Endoplasmic Reticulum
Membranous structure with connections to both the nuclear and cell membranes. Involved in the production, storage and transport of substances within the cell. Lipids and steroids are produced in the smooth ER, while proteins are synthesised on ribosomes of rough ER.
Ribosome
Composed of RNA; produced in the nucleus and found on rough ER or free in the cytoplasm; site of protein synthesis in cell.
Cytoplasm
Jelly that supports the organelles; includes the cell contents excluding the nucleus.
Mitochondria
Membrane bound, cellular organelle; has inner membrane forming folds (cristae) on which are found enzymes for aerobic respiration, and a fluid matrix. Found in the cytoplasm of eukaryotic cells, in animal cells they are the site of respiration where oxygen and nutrients are converted into energy.
Chloroplast
Plastid found in green plants, containing chlorophyll on membranous grana and enzymes in liquid stoma; photosynthetic organelle.
Vacuole
Cellular inclusion; small in animals (food storage and/or digestion); large in plants (storage and osmotic control).
Cell Wall
Rigid structure surrounding the cells of some organisms composed of cellulose in plants.
Permeability
Ability of a membrane to allow a substance to diffuse through it. Many substances diffuse readily across membranes from areas of high concentration to low.
Passive Transport
Movement of materials in and out of the cell without the expenditure of energy.
Simple Diffusion
Unaided movement of molecules or ions across a differentially permeable membrane along a concentration gradient.
Osmosis
Movement of water from an area of low solute concentration to a region of high solute concentration through a selectively permeable membrane to counteract the differences in concentration.
Active Transport:
Movement of materials into and out of the cell, usually against a concentration gradient, requiring cellular energy
Endocytosis
When a substance is enclosed within a vesitcle and incorporated into the cell. If solid particles are absorbed the process is called phagocytosis, if the materials are composed of liquid/small particles it is known as pinocytosis.
Exocytosis
The active process of extrusion or secretion where unwanted materials are removed into the surrounding environment.
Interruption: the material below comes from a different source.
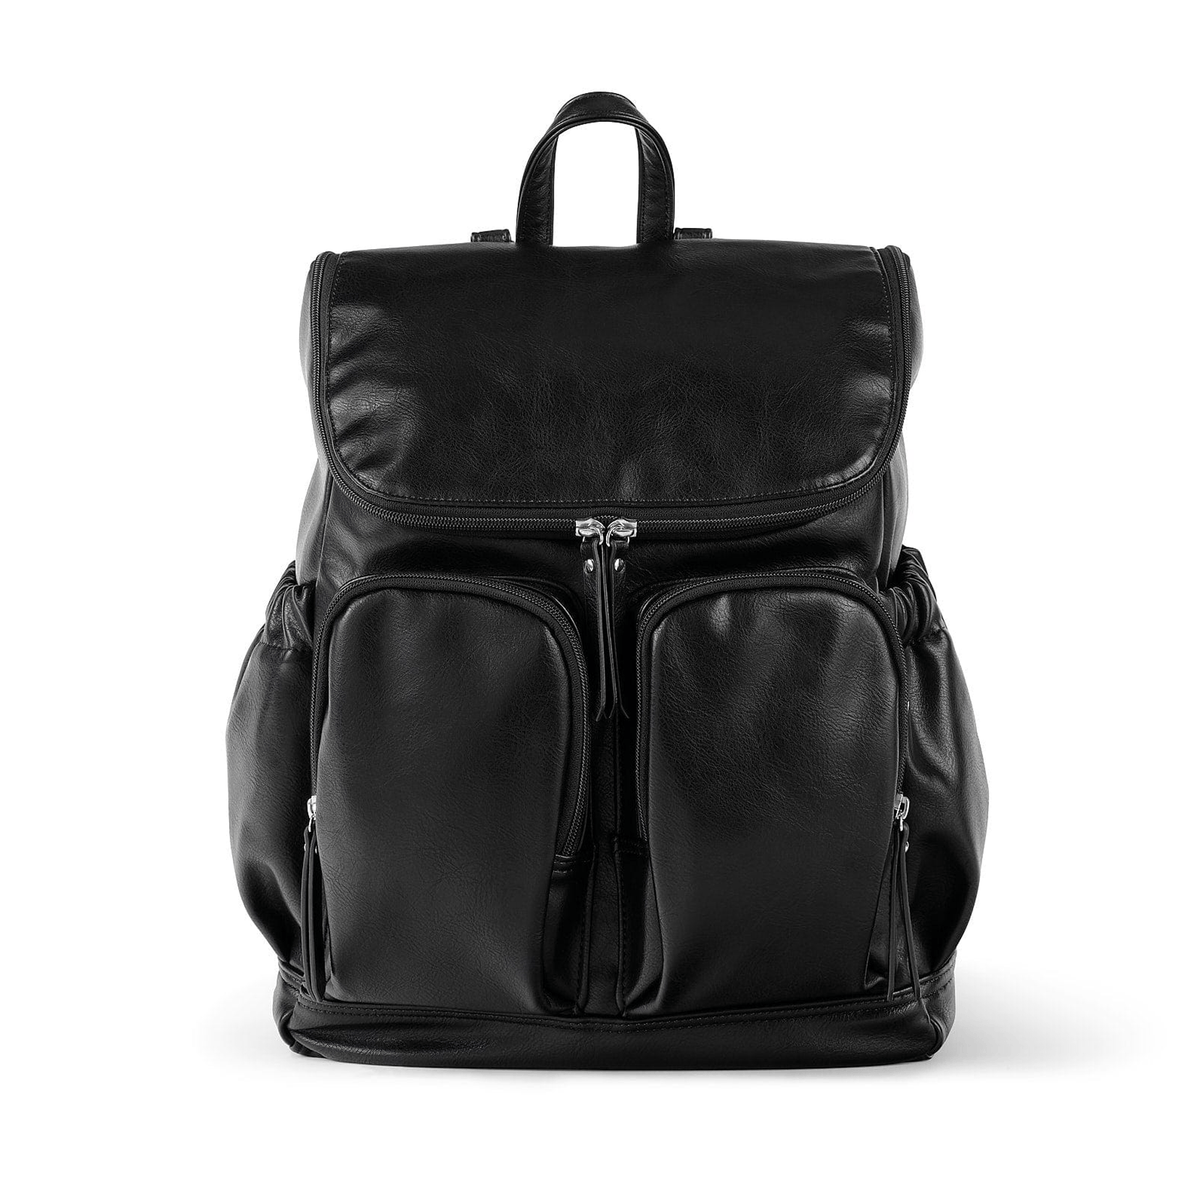 Signature Nappy Backpack - Black Faux Leather

This occurs by active transport against the cell membrane by the formation of cytoplasmic vesticles.
Mitosis
Nuclear division resulting in daughter cells with chromosomes of exactly the same types and number as in the parent cell.
Mitosis | |
Interphase | Chromosomes are copied |
Chromosomes appear as threadlike coils (chromatin) at the start, but each chromosome and its copy change to sister chromatids at the end of the phase | |
Prophase | Mitois begins (Cells begin to divide) |
Centrioles (or poles) appear and begin to move to opposite ends of the cell | |
Spindle fibres form between the poles | |
Metaphase | Chromatids (pairs of chromosomes) attach to the spindle fibres |
Anaphase | Chromatids separate and begin to move to opposite ends of the cell |
Telophase | 2 New nuclei formed |
Chromosomes appear as chromatin (threads rather than rods) | |
Mitosis ends | |
Cytokinesis | Cell membrane moves inward to create 2 daughter cells, each with its own nucleus with identical chromosomes |
Enzymes
Organic catalysts which are produced by living cells and change the rate of chemical reactions in living organisms. Main function is to lower the activation energy required to start a chemical reaction and they are only needed in small quantities. Enzymes are specific, only catalysing one specific chemical reaction.
Active Site
Portion of an enzyme in contact with the substrate; at this point it will have a specific shape which corresponds to the shape of at least a portion of the substrate molecule.
Anabolic
Chemical reactions in which large molecules are built up, usually with a net output of energy.
Catabolic
Chemical reactions in which large molecules are broken down into smaller ones, usually accompanied by the release of energy.
Substrate:
Substance being changed; by either being broken down or built up by an enzyme.
Activation Energy
Energy required to start a reaction, with the change in energy (released or absorbed) from the initial state to the final state.
Exergonic
Energy is released during the reaction
Endergonic
Energy is higher in the final state than it was initially.
Lock & Key Theory
The function of an enzyme depends upon its shape. The substrate move into a designed part of the enzyme that fits them, and then lift off to result in the formation of the product.
Induced Fit Mechanism
Interaction between the substrate and the enzyme where the shape of the enzyme is changed to accommodate the substance it reacts with.
Competitive Inhibitors
Have a similar nature to the natural substrate and compete for the active site on the enzyme. The success of the inhibitor binding to the active site depends upon its relative concentration in relation to the natural substrate. Therefore the condition is reversible if there is an increase in substrate production.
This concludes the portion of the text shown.